Chives cannot be dried successfully at home; the commercial dried chives are freeze dried. For winter use they can be chopped and frozen in ice cube containers. Alternatively, the vinegar made from the flower heads will provide the flavor in dressings or marinades.

In spring after the chives have flowered, there is another purple, strongly aromatic herb which is one of my favorites for low edging or rocky places. This is catmint (Nepeta mussini or N. faassenii) a close relative of its larger and not as attractive wild herb catnip (Nepeta cataria). The Nepeta mussini, although loved by cats, is not used as a herb except for its ornamental value in the herb garden where it will make lovely mats of velvety grey foliage, looking fresh all summer if clipped after flowering.

Catnip, on the other hand, is a much taller plant and is harvested especially for catnip mice or for stuffing scratching posts for the family cat. Also, it is an old herbal remedy when made into a soothing tea which relieves pain and tension. Catmint is easy to grow and on limestone soils will re-seed itself and become a weed, especially if there are no cats to roll on it. It should be harvested or cut down or pulled before flowering to prevent an invasion of your garden.
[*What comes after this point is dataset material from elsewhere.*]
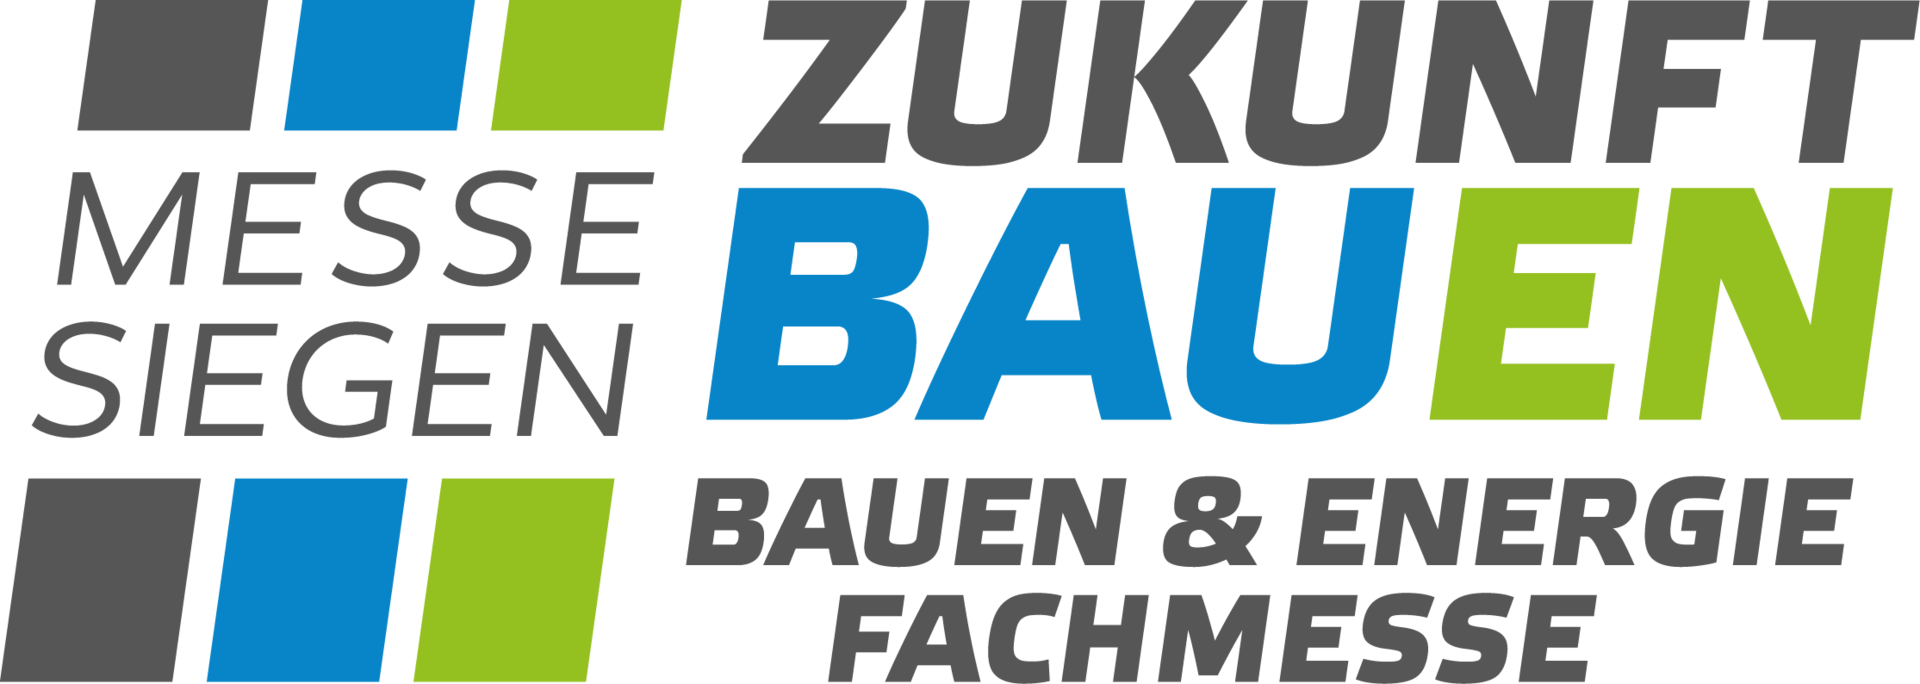 Zukunft - Bauen - Energie Messe in Siegen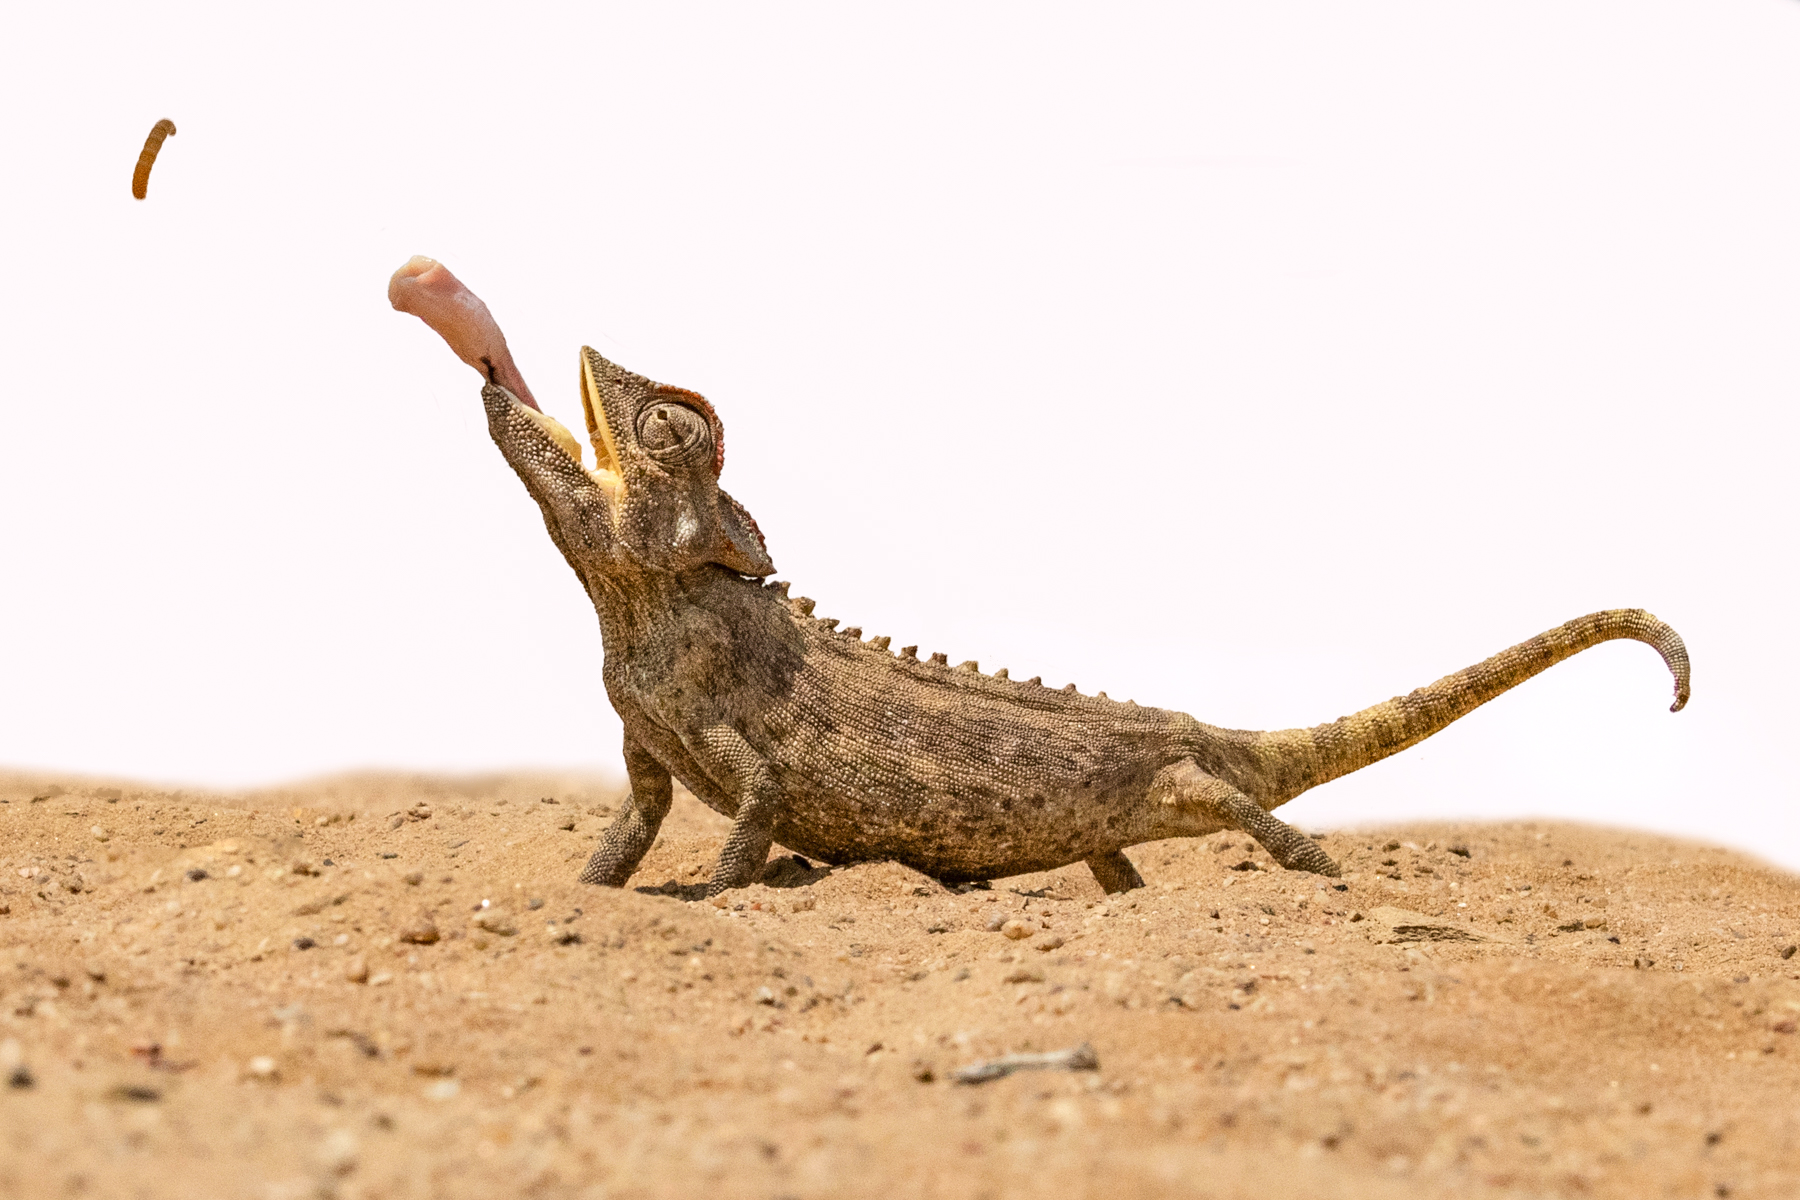 A Namaqua Chameleon catches its breakfast on our Living Desert trip, the ultimate Sandbox Safari

Calendula or Pot Marigold (Calendula officinalis) is one of the happiest herbs. Its bright orange color is always cheerful and the flower opens with the sun and then closes at sunset or on cloudy days. The Romans observed that in Italy the plant was in flower almost every calendar month and from this came its botanical Latin name Calendula. Officinalis always means that it has official medical qualities and in the case of calendula these are beneficial effects on the arteries and veins – so much so that Arabs used to feed them to their ponies to help increase their speed.

It is the petals of the flowers which are medicinally the strongest part of the plant and these are easily collected and can be used fresh or dried in teas, salads or soups. It is best to pull them off the green receptacle at the top of the flowering stem as this can taste bitter and even cause some irritation. The flowers are also used in salves and complexion creams. Such a salve was in general use for healing wounds in both the American Civil War and the First World War and now the complexion creams may even help to smooth out the wrinkles acquired from age or exposure to the sun and wind.

Calendula is easy to grow and there is a great choice of different hybrids in colors, ranging from peach to a deep orange all with fully double heads. Seeds sown outside in the spring will start flowering in late July or August and will probably still be in sporadic flower in November. It self seeds freely but the flowers from the seedlings will be mostly single orange daisies rather than the full double of the hybrid parents. I have been happy to find that it will grow in my garden in part shade. This is probably because it really does not like hot dry weather, which makes the plant prone to infestation by aphids.

Rachel McLeod founded Kiln Farm Herb Garden in Puslinch, Ontario in 1974.